La stratégie européenne d’adaptation au changement climatique a permis, en cinq ans, de réaliser des progrès ; son efficacité sur le terrain mérite d’être accrue, car ses objectifs n'ont pas été totalement atteints, mais elle garde toute sa pertinence, selon le rapport sur la mise en œuvre de cette stratégie, publié lundi 12 novembre par la Commission européenne, avec un an de retard.
Cette stratégie, adoptée en 2013, vise à promouvoir l’action des États membres, à garantir une action résiliente au changement climatique à l’échelle de l’UE et un processus décisionnel mieux informé (EUROPE 11935, 10870). Aux termes de cette stratégie, la Commission était tenue de faire rapport au Parlement et au Conseil en 2017 et, si nécessaire, de proposer une révision. Pour l'heure, il n'en est pas question, alors qu'en avril 2017 les ministres européens de l’Environnement avaient posé les jalons de stratégies d’adaptation ajustées à l’Accord de Paris sur le climat (EUROPE 11774).
La Commission estime que, pour l'avenir, la stratégie de l'UE pourrait être plus efficace en matière de : - réduction des risques de catastrophe ; - d'intégration de l'adaptation dans la politique maritime et de la pêche de l'UE et les régions côtières en général ; - d'élaboration et d'utilisation d'outils pour les investisseurs et les assureurs afin d'intégrer davantage le changement climatique dans leur gestion des risques ; - d'utilisation de l'investissement privé ; - d'adaptation fondée sur les écosystèmes (comme les pratiques agricoles de conservation, l'infrastructure verte, la protection de la nature).

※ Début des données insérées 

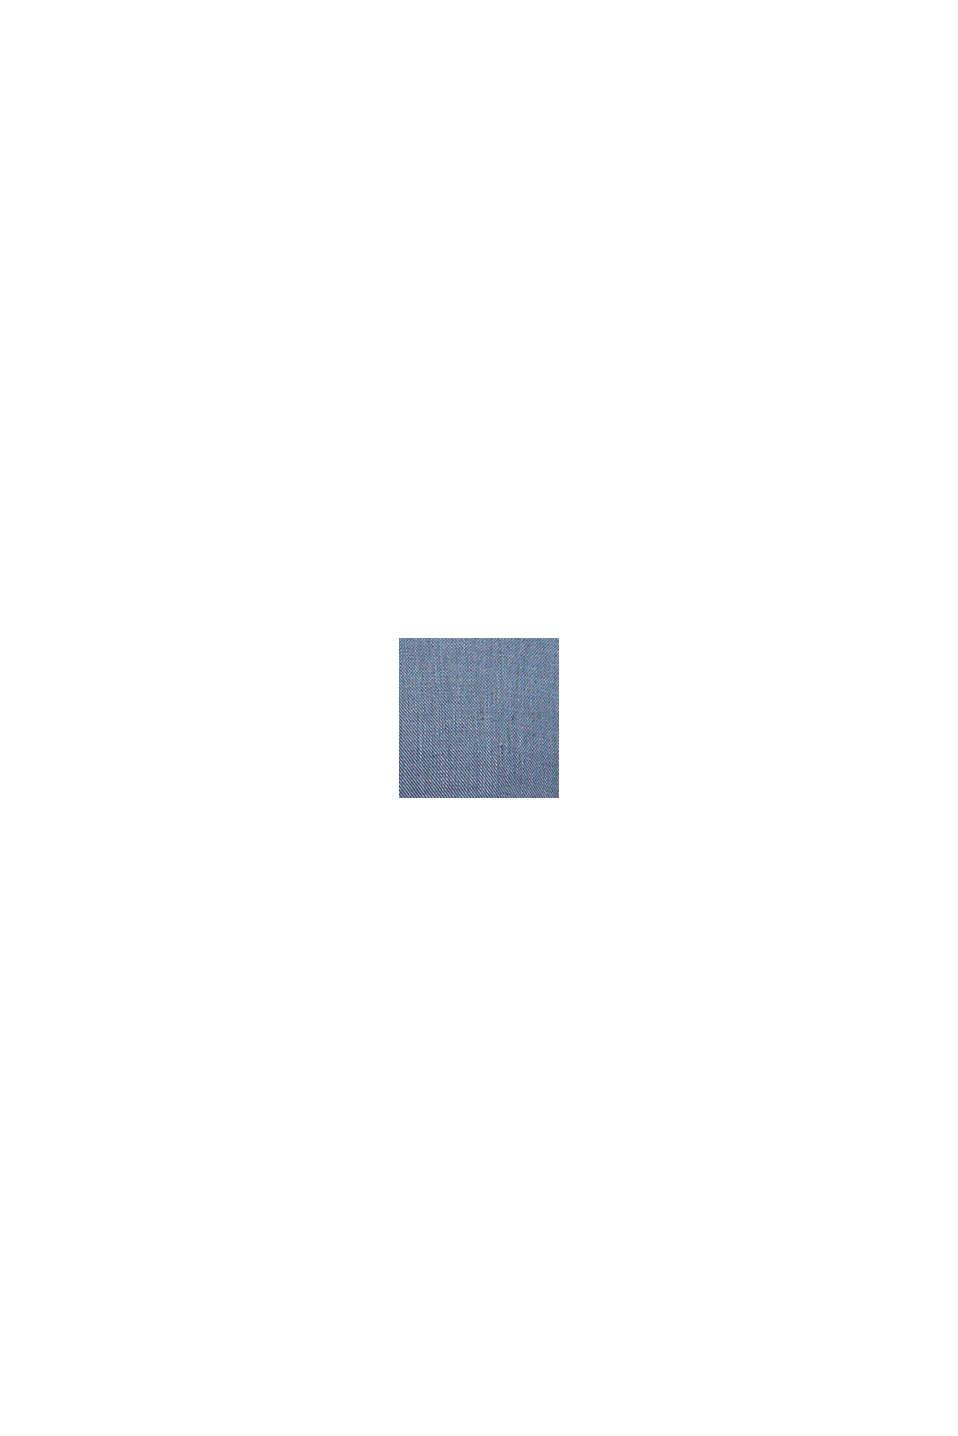 FIL-A-FIL Aus Leinen-Mix: Weste, BLUE, swatch

Selon le rapport d'évaluation, la stratégie est globalement en cohérence avec les autres politiques et mesures d’adaptation aux niveaux local, régional, national et de l’UE, mais il conviendrait de renforcer la cohérence avec les politiques et initiatives internationales. « Pour l’avenir, il faudrait recadrer la stratégie pour mieux l’aligner sur l’évolution du cadre d’action international et pour mieux évaluer les conséquences pour l’UE des répercussions transfrontières des effets climatiques touchant les pays tiers, notamment par l’intermédiaire des flux migratoires, commerciaux et financiers », indique la Commission.
Parmi les avancées jusqu'ici, la Commission note que le nombre d’États membres ayant mis en place une stratégie nationale d'adaptation est passé de 15 à 25. L’adoption de stratégies d’adaptation a été accélérée par les Fonds structurels et d’investissement européens (ESI), précise l'institution.
Elle souligne que, depuis 2014, le programme LIFE a financé, à hauteur de 184 millions €, 60 projets liés à l’adaptation qui, une fois achevés, devraient avoir une incidence sur un quart environ du territoire de l’UE. LIFE contribue aussi à mettre en œuvre des stratégies d’adaptation nationales et régionales en Grèce et à Chypre.
Autre avancée : l'introduction de l'adaptation dans la Convention des maires. En avril 2018, 1 076 signataires de la Convention des maires issus de 25 États membres se sont engagés à mener des évaluations de la vulnérabilité et des risques, ainsi qu’à élaborer des plans d’adaptation et à en rentre compte.